That’s exactly why I don’t like the term. The only people who use it today were diagnosed 30 years ago (fair enough), or want to show that they’re cool quirky autists like Sherlock and Dr House, not dumb uncool disableds!!!*
*twist: they’re not autistic and are just try harder without a personality
I understand what you’re saying, but overall getting rid of the distinction between autism and Asperger’s has been a fucking disaster.
The best analogy I can make is that of a prison: first and foremost, you start at the very basics and separate men and women. Then you further separate by severity of behavior and or crime. Retconning Asperger’s has been the equivalent of mixing all inmates together, regardless of sex or security risk.
When you start blurring definitions, what happens, much like the genderisms, is that people’s interpretations vary wildly. A person diagnosed as a high functioning autist and a person diagnosed as a high functioning asperger before the change are not on the same intellectual capability, but because now both are labeled as high functioning ASD, they’re lumped together. And it doesn’t take a genius to realize they have completely different needs when it comes to support and aid, but now everyone gets to share the same resources.

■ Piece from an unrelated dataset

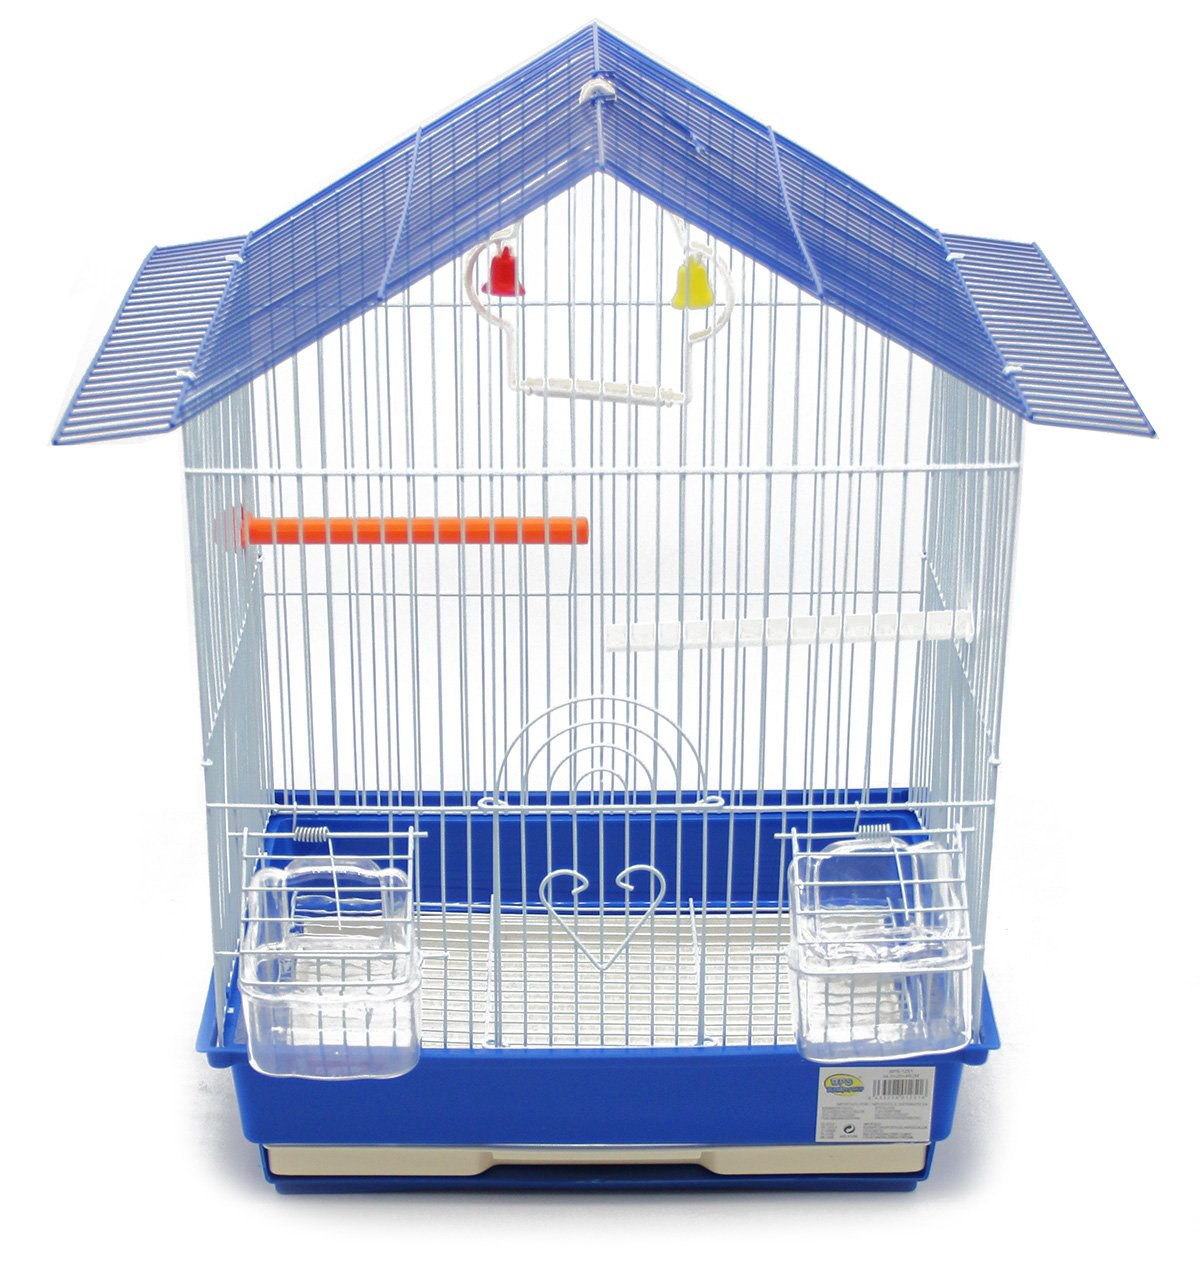 BPS Cage Bird Cage Metal avec Feeder Drinker Swing Jumper Color Bucket Envoyer au Hasard 46 x 28 x 34.5 cm BPS-1251 BPS(R)

Yes everyone knows it’s a “spectrum,” but people need objectivity. If someone’s sole exposure to autism is 40 IQ non-verbal tards, they’re gonna assume the same for every autist they meet and treat them like toddlers.

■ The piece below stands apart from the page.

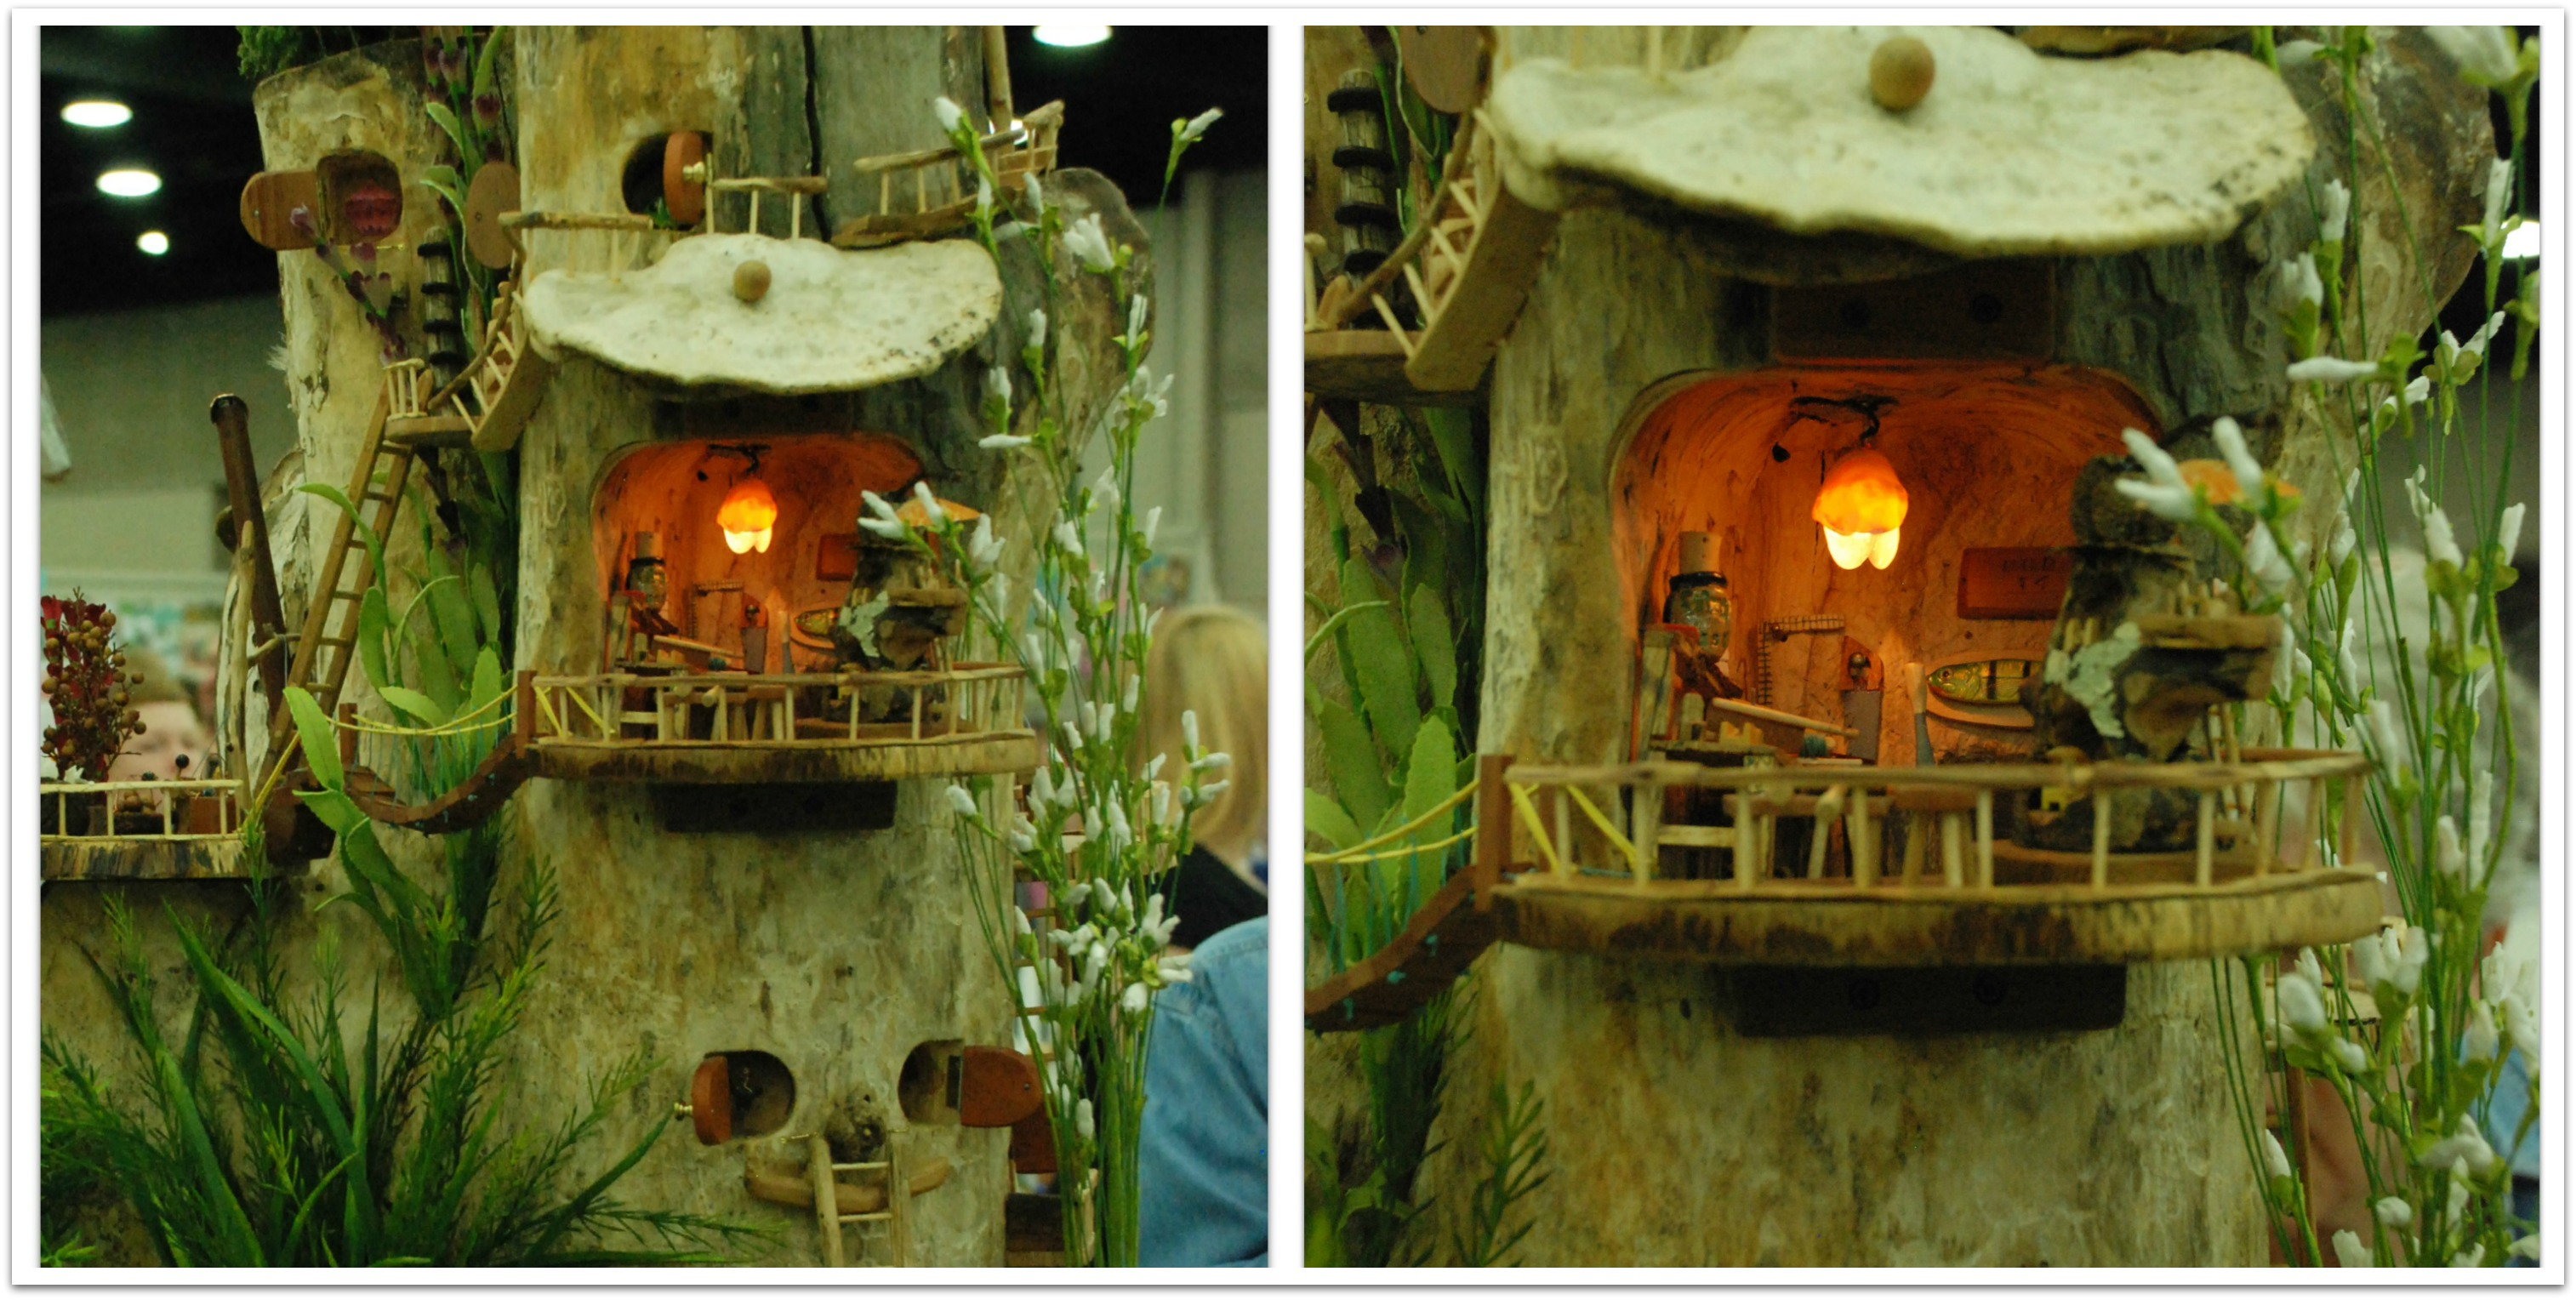 Tree stump fairy house - Tree Stump Fairy House 42

On the opposite end, this push to portray Asperger’s as the true image of autism gives the public a very distorted view of what autism is. Of course media would rather showcase the quirky high functioning Asperger’s weirdo who’s a bit slow socially but overall quite normal, because showcasing someone like CWC is a lot less appealing. So when people meet someone with an actual bad case of the ‘tism, it’s quite a shock.